= Beginning of Section =
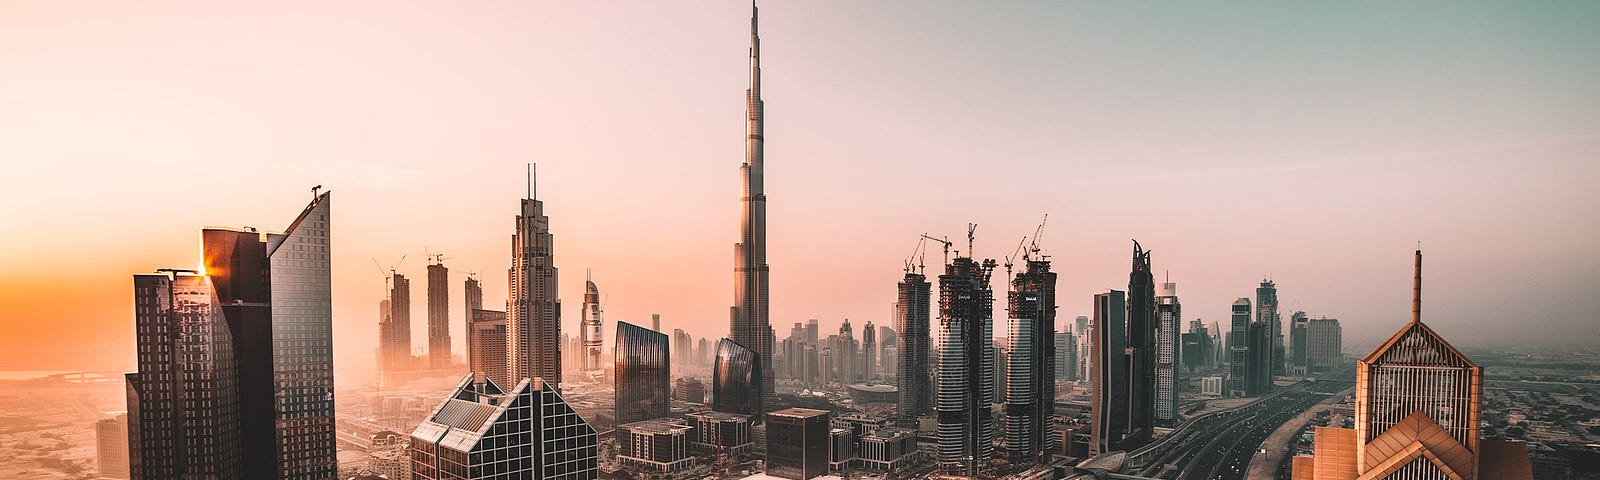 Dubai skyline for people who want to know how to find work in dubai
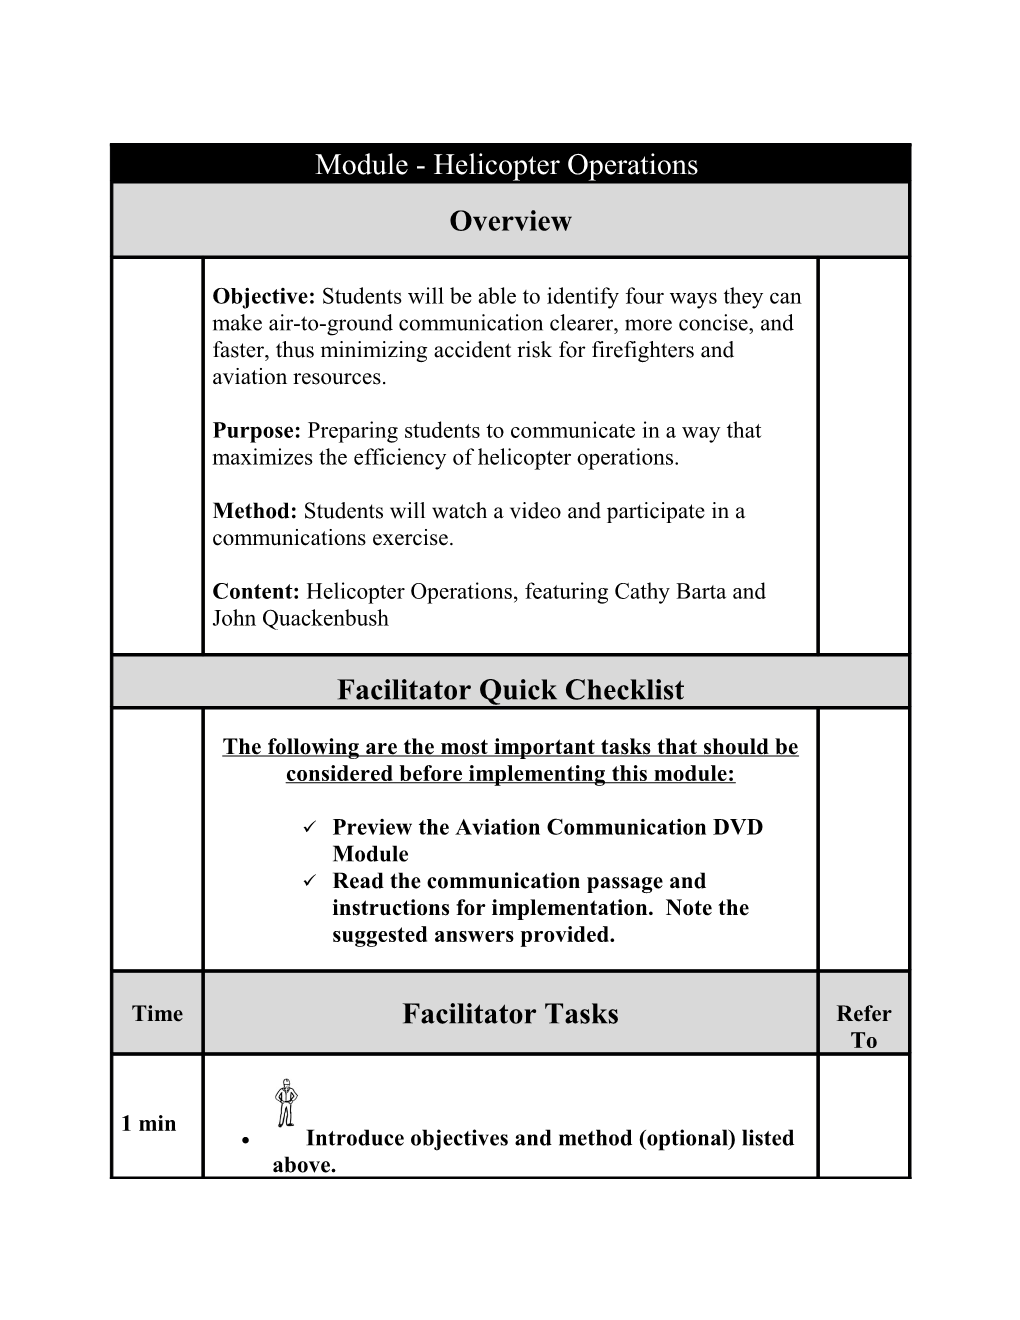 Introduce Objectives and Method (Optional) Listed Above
= End of Section =
= Beginning of Section =
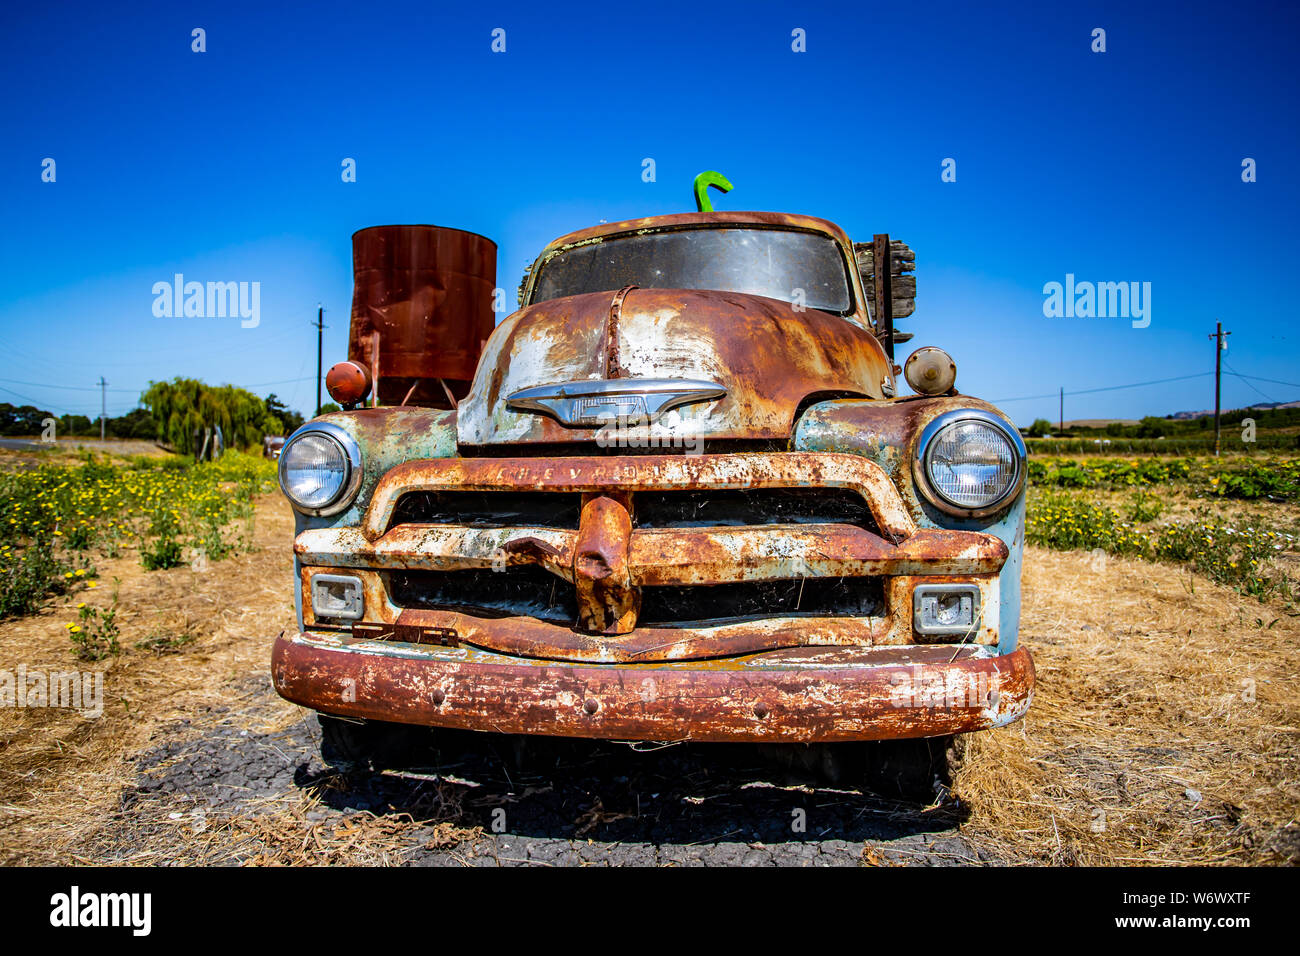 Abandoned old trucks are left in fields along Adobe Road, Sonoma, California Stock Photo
= End of Section =
= Beginning of Section =
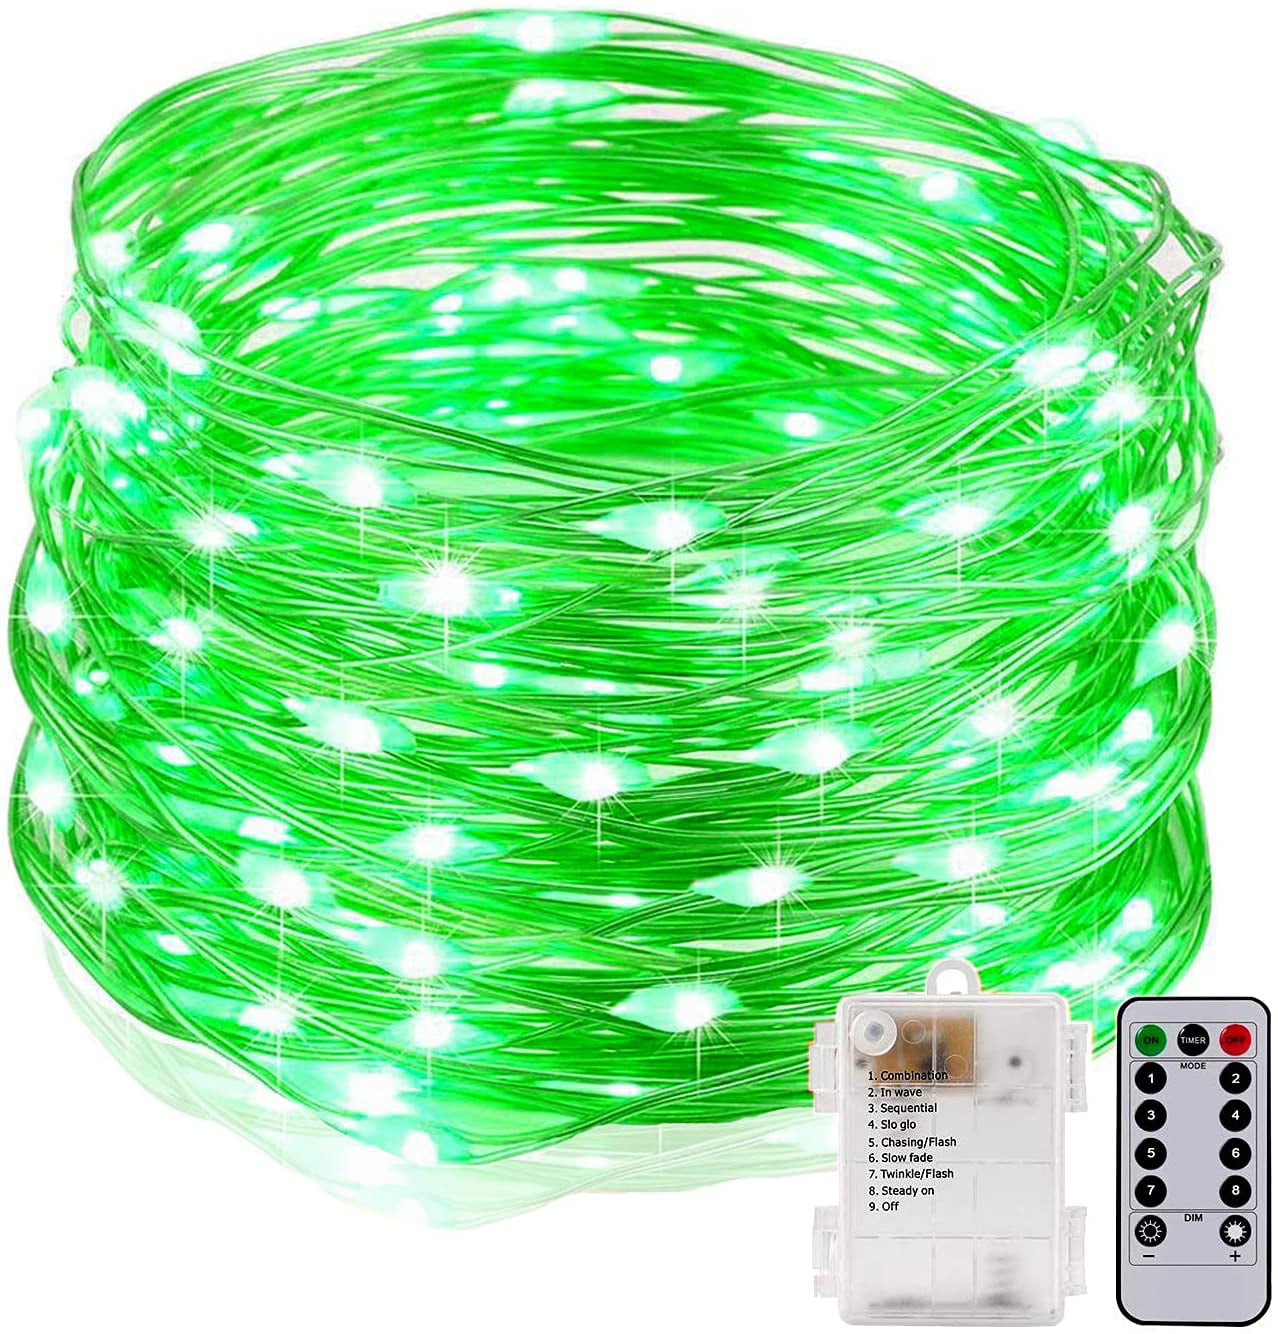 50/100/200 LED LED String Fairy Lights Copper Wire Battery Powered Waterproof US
= End of Section =
Reproduce the listing above exactly from the line containing "Dubai skyline for" up to and including the line containing "Introduce Objectives and", omitting any images and everything outside those lines.

 Dubai skyline for people who want to know how to find work in dubai
 Introduce Objectives and Method (Optional) Listed Above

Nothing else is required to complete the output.